I dont think there netted out of the river.They are farm raised as far as channels go but thats is what they say.I go to them a couple times a yr.I dont own a boat so its the beat way two catch the big ones...but on the other hand what i pay to fish i could save up and buy a boat lol.But i also like to bring my son fishing with me who is 2yrs old.I can bring him there and its safer for him...he cant follow me up the river wading and walking the banks plus it allows me to invole the whole family bring chairs and sit and have a good time so it has its pros and cons just like anything i guess.


----------



## River Anglin (Feb 18, 2008)

$15.00-$20.00? Wow! I've never fished in a paylake so I had no idea that people paid that much to sit and watch their bobber float.

I used to visit a paylake frequently on business and I was always amazed at the type of clientele around the place. Trash lying all around them and they looked like they lived in a cardboard box, yet they pay $20.00 to go fishing? I played 18 holes of golf last week for $18.00 and that included the cart!


----------



## mason08 (Oct 16, 2010)

i dont know of any place charging 15-20$.Monroe lake is 12,triangle is 10,stoney meadows is 11,all for 12hrs.And if u catch a tagged fish could win up to a couple hundred dollars.Plus there are jackpots.


----------



## SpecialNick (Dec 8, 2008)

the real pain is catching bait (im assuming its catfishing your doing). After that you just need to find someone who knows what they are doing at that lake. which is hard cuz everyone there claims to know everything. It can be fun, you'll catch a lot of giant fish. but its not cheap and catching bait gets old.


----------



## Fisherman 3234 (Sep 8, 2008)

The vast majority of paylakes here in Ohio do way more harm then good. The Flats and Blues that are in paylakes are river fish and a great majority of them were poached from native waters here in Ohio. It's sad when a 30+lb fish takes anywhere from 12-20 years to attain that size, but after it's thrown in a paylake they typically only last a month...


----------



## Salmonid (Apr 14, 2004)

as far as pay ponds go, if they have ANY cats bigger then about 4 lbs, I GAURANTEE you they were taken from a public body of water by Hoop Net, Jug Line or Trot Line. any smaller they may very well be pond raised. We tournament fish the Ohio River for cats around Cinci and I can tell you, we have some catfish "Pros" in our area, folks who fish all over the Midwest and 3-4 days a week year round. Now we have a 4 fish Limit and its typical for our tourneys to only have the top 3-4 teams actually bring 4 fish into the scales ( 14" minimum), Not that I am an expert but the last 4 times out, I have managed a total of 2 bites and zero fish. 

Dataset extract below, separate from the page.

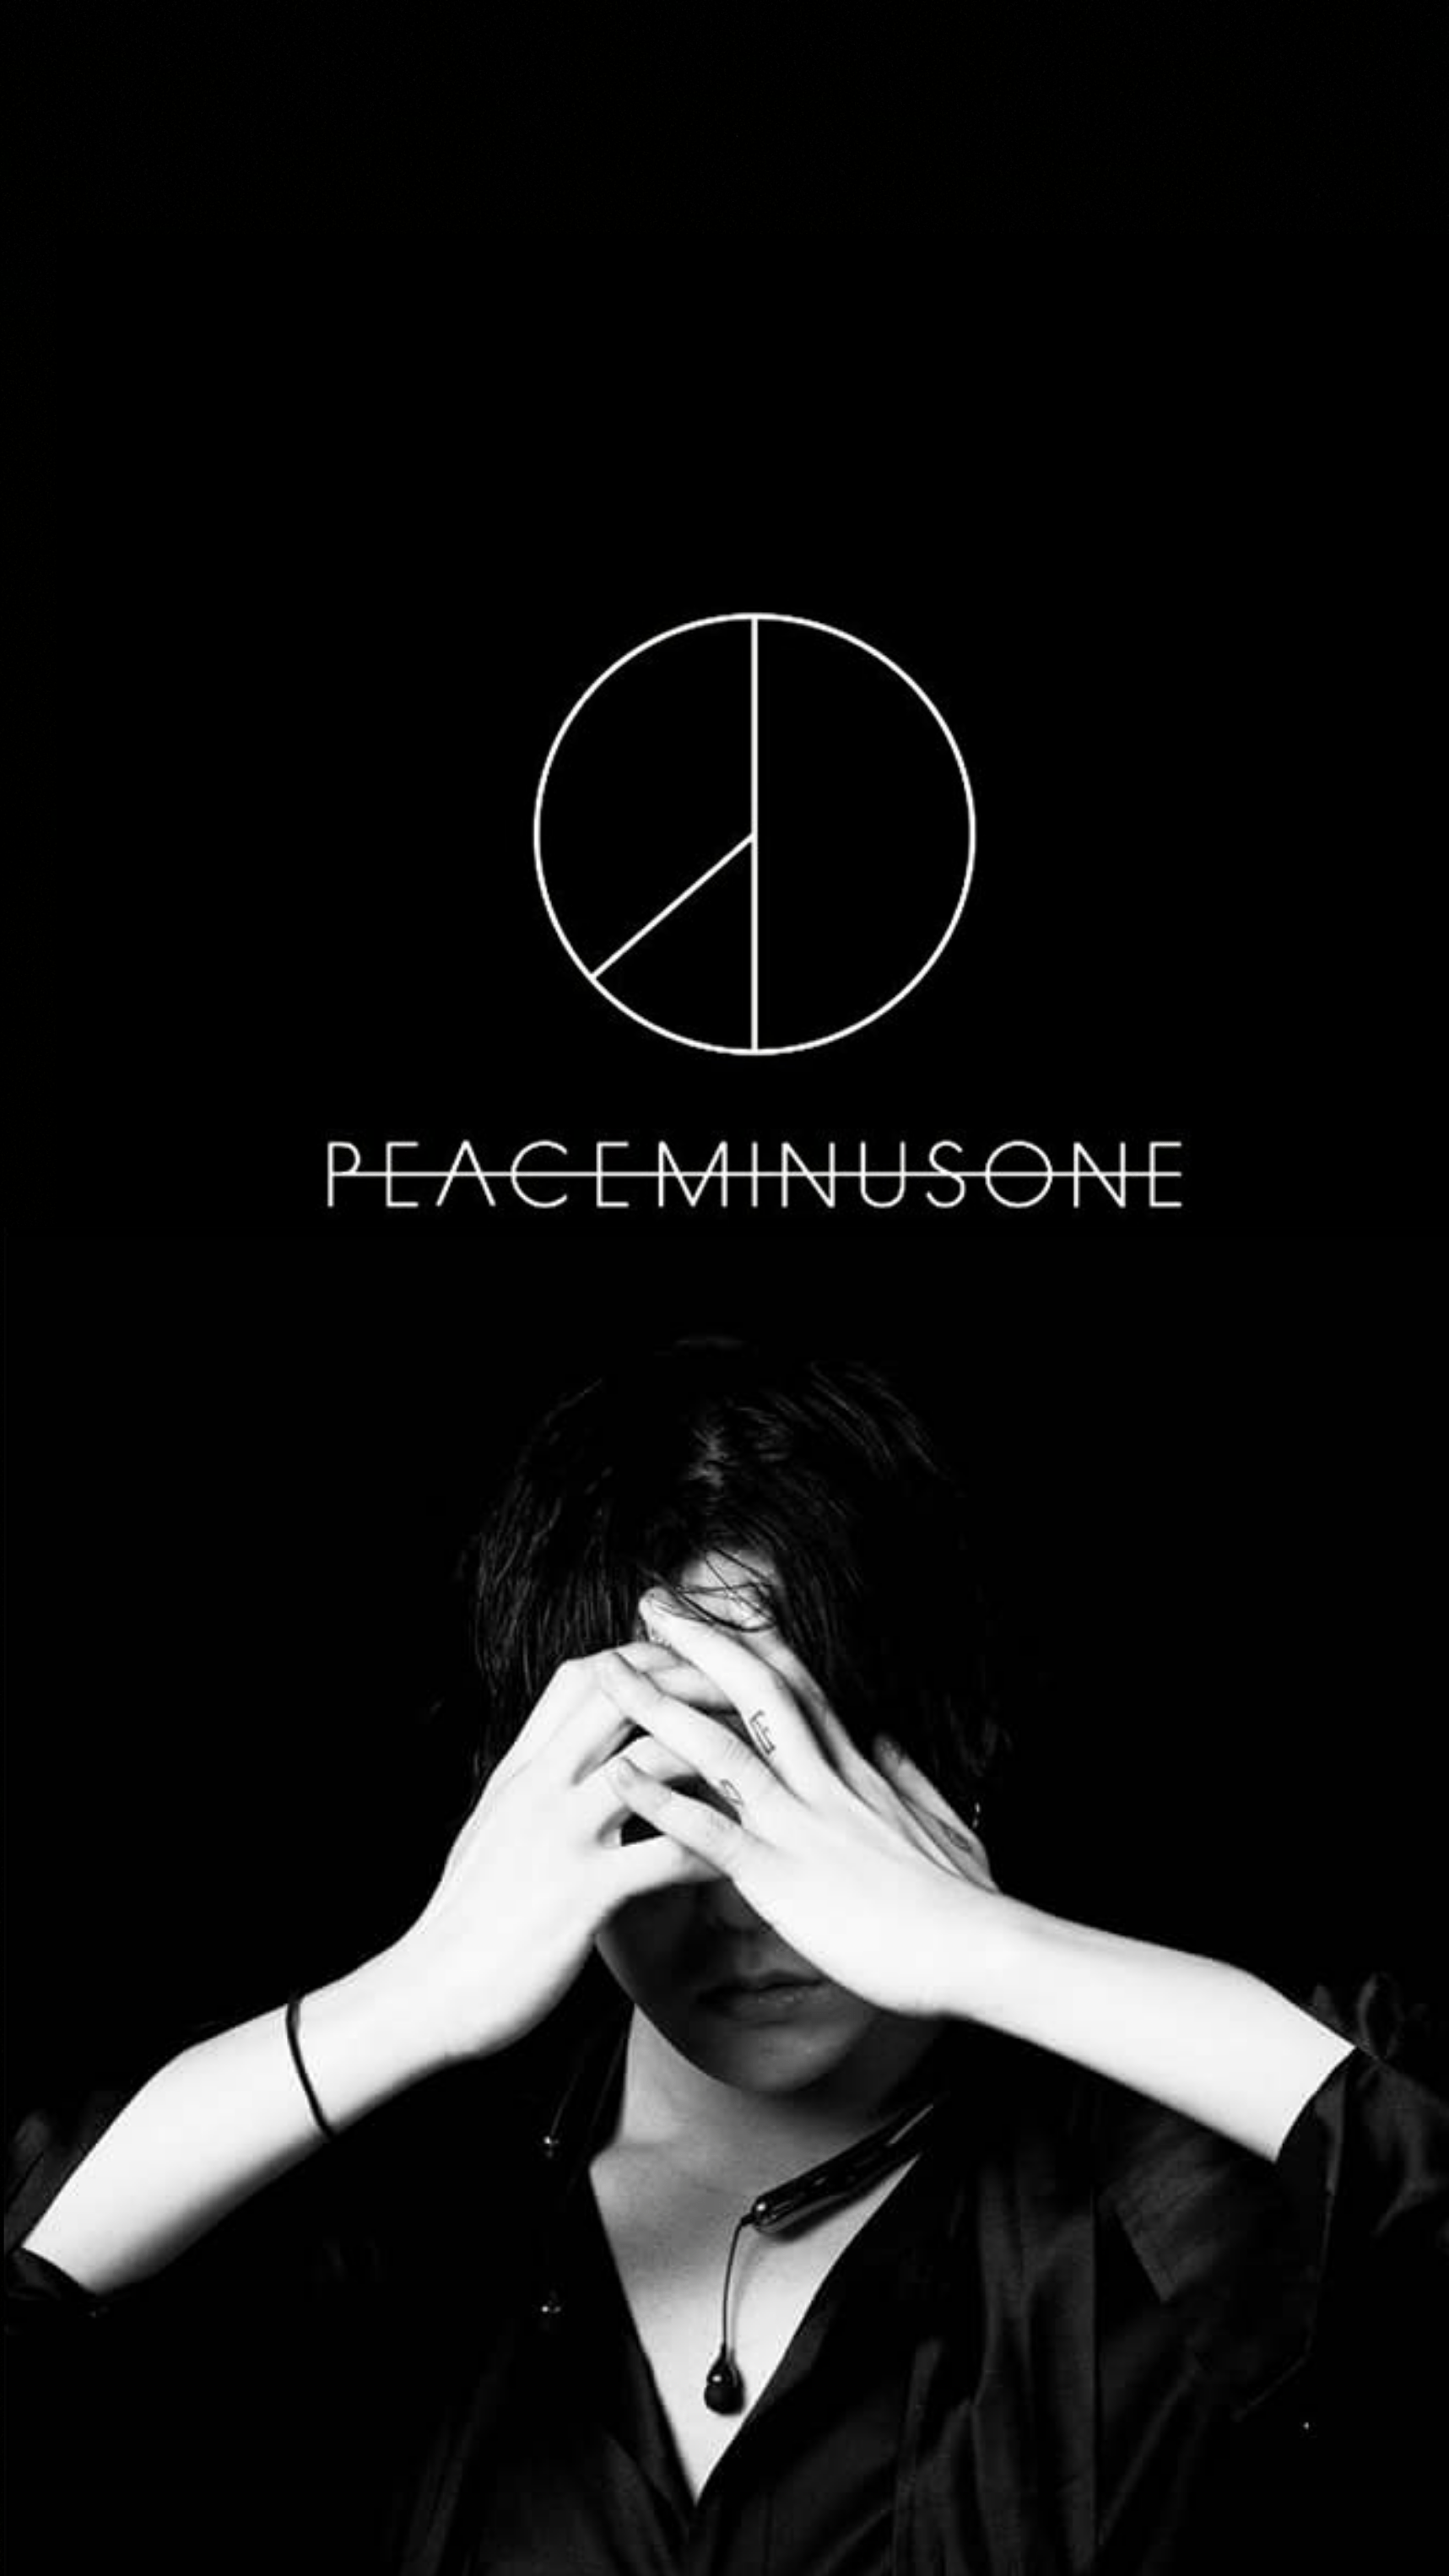 Peaceminusone: Chào mừng bạn đến với Peaceminusone - thương hiệu thời trang đến từ Hàn Quốc, nơi mang đến những thiết kế đầy sáng tạo và cá tính. Hãy cùng khám phá bộ sưu tập độc đáo và đầy màu sắc của Peaceminusone!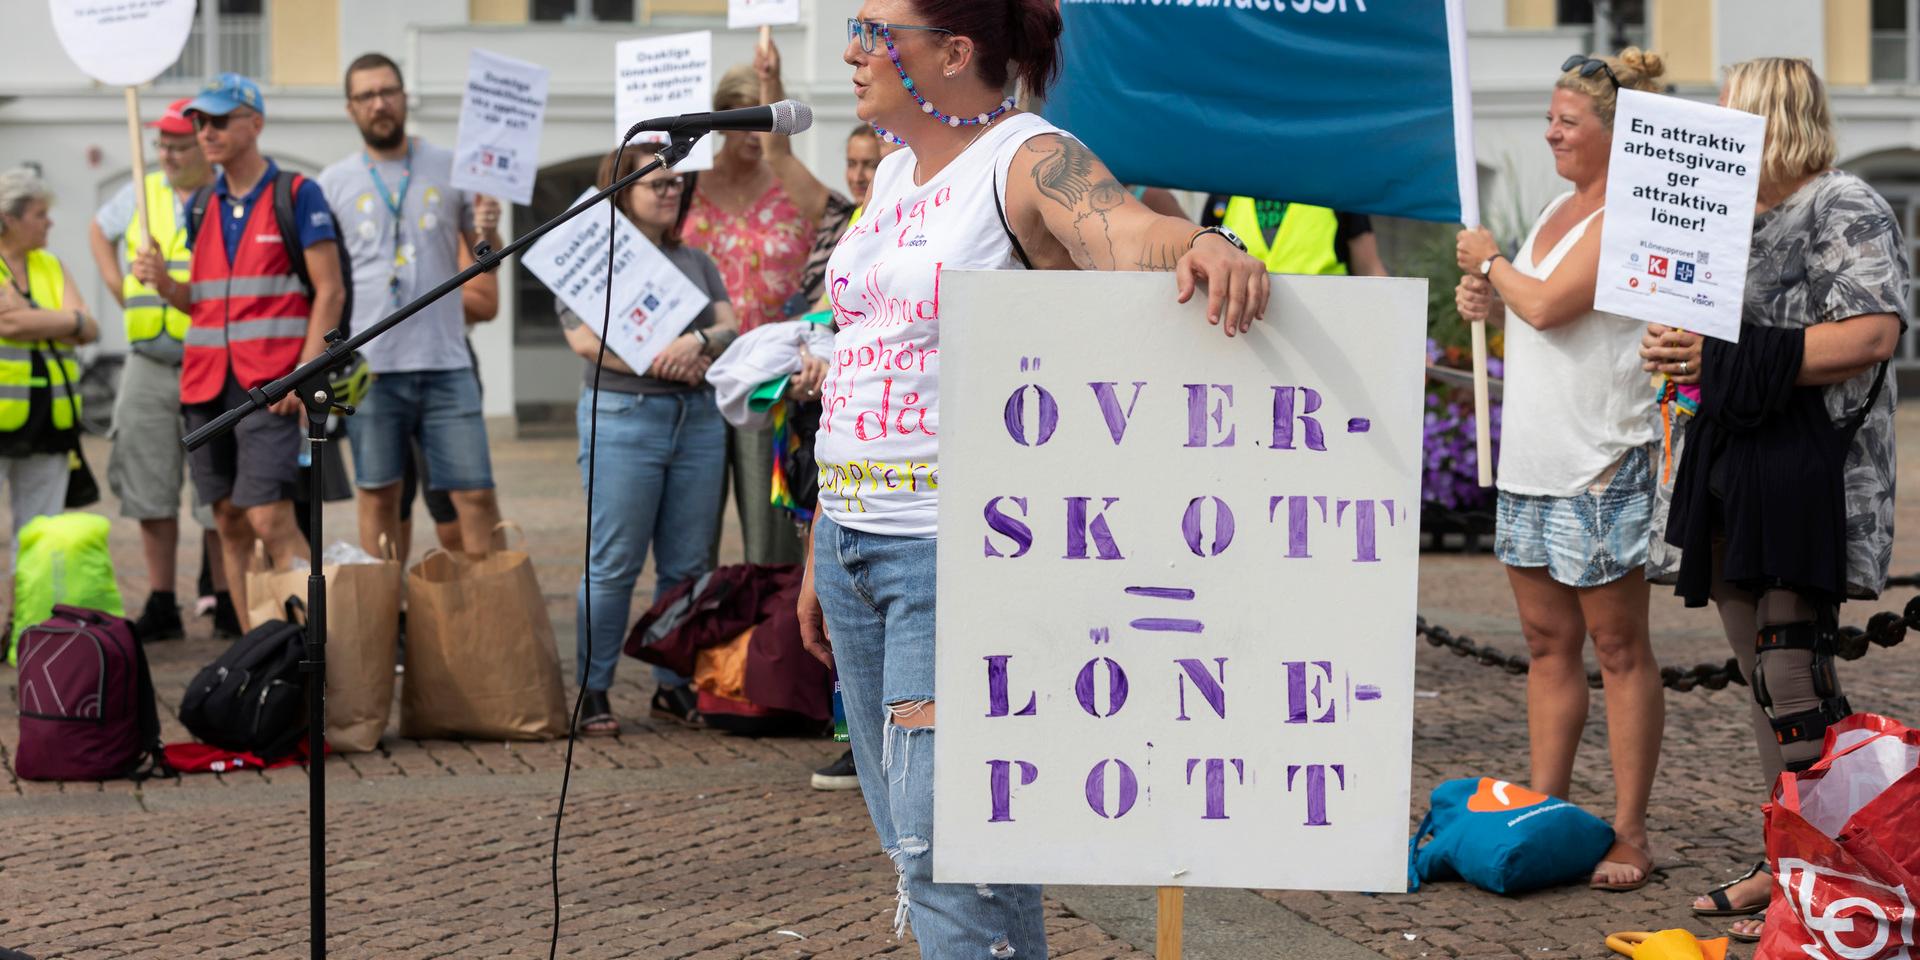 Måndagen den 15 augusti samlades kommunalanställda på Gustav Adolfs torg för att demonstrera för högre löner. Kristina Ramstedt, ordförande för Vision i Göteborg, var en av arrangörerna.

The Ohio River in this area is hammered by the commercial fishing guys, nets every couple of hundred feet at times, it is amazing there are ANY fish left in the river at all, all because of 1 thing, Pay Ponds.......trust me, nobody is catching fish for sales to restuarants its all about the big dollar fish. 

Ok so you ask, where is the problem?, the problem is that while Ohio doesnt allow any commercial fishing, Ky does and for $50 a year, I , as an Ohio resident, can buy a commercial license from Ky, fish as many hoop nets/trot lines or whatever and keep EVERY fish I catch, even 1 lbers all the way up to 100 lbers. NO LIMITS! Now along those lines, many, many times have I been downstream of hoopnetters when they are pulling there nets and here comes tons of carp, drum and about every other species half dead floating right past us, its really sad, there is no regard for the fishery as a whole nor about the future, its easy money for folks and most serious pay ponds have there own Ky license and a boat with nets, just look around the next time your at your lake and youll see their boat, I bet! 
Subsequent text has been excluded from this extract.